С боярами из Рязани, что приезжали отай, сговорено. Протасий поведет ратных. Родиона, пришлого, Данил отдал ему под начало. На думе князь, сердито и тяжело дыша, задирая бороду, требовал приготовить все как нать. «Сраму бы не было! Как под Кашином! Рязански кмети обыкли воевать!» – вновь и вновь повторял он. Воеводы радовались. Данил Лексаныч сердит, значит, решил.

Убран хлеб. Бабы копают огороды. Тонкий запах осени, запах вянущих трав, провожает московскую рать. Данил в шлеме и панцире пропускает полки, что на рысях выходят по Коломенской дороге. От пристаней отчаливают лодьи с пешею ратью. Протасий, тоже в кольчуге и шлеме – сивые волосы выбиваются из-под шелома, лицо потное: жарко! – едет от причалов в гору. Останавливается рядом с Данилом, расстегнув ремешок, снимает шелом, ветерок треплет его волосы, отдувает бороду. Ратники идут походным строем, брони и оружие в тороках, копья приторочены к седлам, у каждого заводной конь. Тысячи лошадей – рыжих, красных и серых, гнедых, соловых, игреневых, карих и вороных, караковых, пегих, буланых, редрых, каурых, сивых, чалых, мышастых, саврасых и бурых – хорошо кормленных, с круглыми, словно налитыми спинами. Густой конский дух перекрывает все прочие запахи, и в его волне проходит, и проходит, и проходит конная московская рать.

Рядом с князем на отборных выстоявшихся лошадях четверо сыновей. Рыжий веселый Юрий, он тоже без шелома, в одной кольчуге с короткими рукавами сверх малинового зипуна. Рядом высокий Александр, в броне с зерцалом и граненом шеломе, гордится оружием – не диво в восемнадцать-то лет! За ним Борис, щурится на проходящую рать. Он без шелома и брони, в одном кожаном кояре с перевязью. На перевязи дорогая ордынская сабля, подарок отца. Борис то и дело слегка трогает рукоять ладонью: позволит ли ему батюшка обновить саблю в бою? И страшно, и по-мальчишечьи сладко испытать «это», почуять себя героем, «храбром», скакать и рубить в настоящем сражении! Только тридцатилетний Иван не жаждет в бой. Он внимательно следит за проходящим войском, иногда взглядывает на отца, седого, в сверкающих доспехах, непривычно грозного, на его горбатый нос, на его выпростанную наружу бороду, на его утонувшие под шеломом строгие «повелительные» глаза, на княжеский шестопер, что подвешен у батюшки на кожаном паворзне через руку. Все непривычно, все грозно, и батюшка непривычен, и сколько же собрано коней! Ему очень хочется поднять на руки крестника Елевферия, посадить перед собой на седло и показывать ему проходящую рать; или младшего братца Афанасия, – но нельзя. И тот и другой дома. Даже матушка смотрит сейчас издали, со смотрильной башенки Кремника.

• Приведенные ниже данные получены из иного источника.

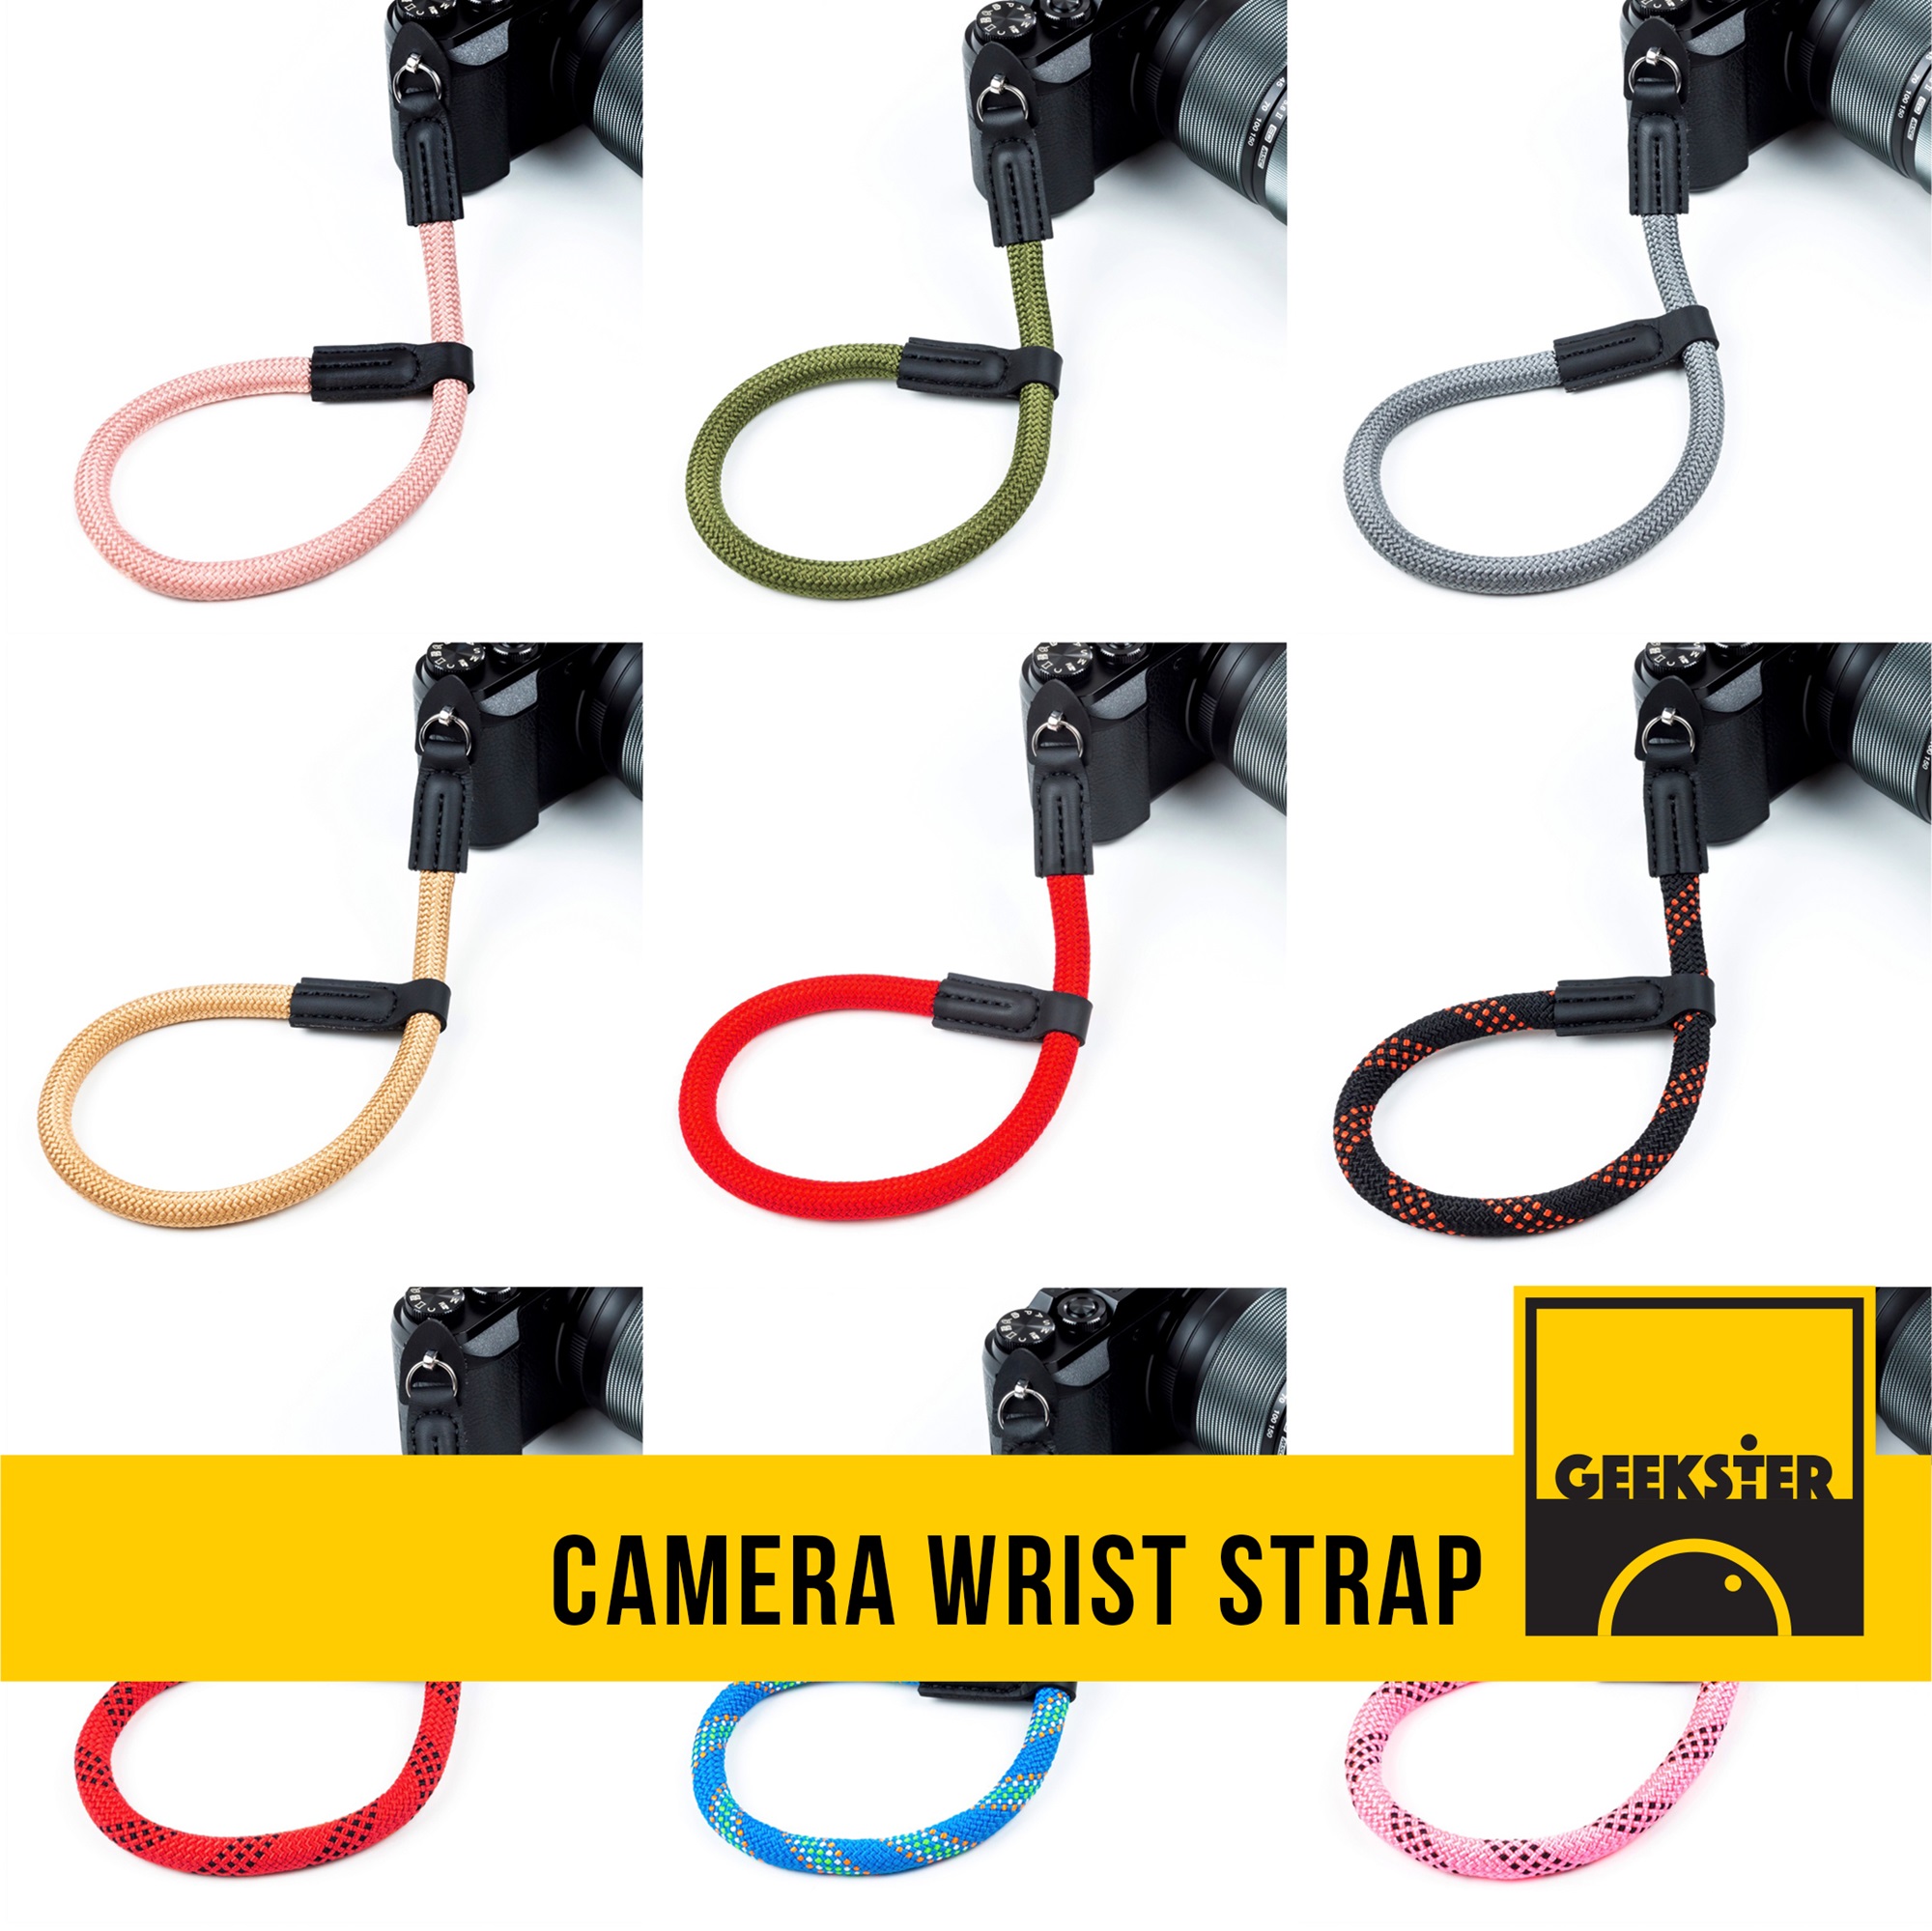 สายคล้องกล้อง เชือกปีนเขา แบบห่วง คล้องมือ ( Leica Style Camera Wrist Strap สายคล้องมือ สาย กล้อง สายคล้อง มือ camera hand strap ปลายห่วง ) ( Geekster )

Рать проходит. Разъезжаются воеводы. Данил с княжичем Иваном спускается к пристани, где его ждет лодья. Старшие сыновья отправлены с Протасием в конном строю.

Полки миновали Коломну без боя. Город, в котором почти не было рязанской сторожи и множество жителей – москвичи, сам открыл Даниле ворота. Князь Константин с собранным войском, слышно, стоял на полчище под Рязанью. У Коломны переправились через Оку. Высадили пешую рать, перетащили обозы. Погода скоро переменилась, задул холодный ветер, мигом сорвал желтую листву с дерев, начал сечь холодным мелким дождем. От Коломны до Рязани тащились четыре дня. Мокрые до нитки разъезды возвращались и уходили назад, в дождь. К счастью, к вечеру третьего дня разведрило, мокрядь сменило холодом. Ветер сушил дорогу, и продрогшая, отсыревшая до костей пешая рать пошла резвей. Сбросили стертые лапти, повязали новые. Уже по сторонам запоказывались татарские и рязанские разъезды князя Константина. Конная московская сторожа перестреливалась с ними без особого толку.

Рать Константина встретили уже за Вожей, под самим Переяславлем-Рязанским. С вечера стали станом, обрылись, утром начали уряжать полки.

Рязанские бояре обещали захватить князя Константина во время бегства, но в бегство его обратить должны были московские воеводы.

Княжичи, под дождем и в грязи растерявшие молодой задор, жались к отцу. Перед боем они от волнения почти не спали (кроме Юрия, тот был как рыба в воде), и потому ни один не обиделся, когда Данил, уже в шишаке и броне, оборотясь с коня, приказал:

– Эй! Миныч, поберегай мальчишек! Сунутся без пути – пропадут! А ты, Юрко, вали к Протасию. Да смотри, ежели что – голову оторву!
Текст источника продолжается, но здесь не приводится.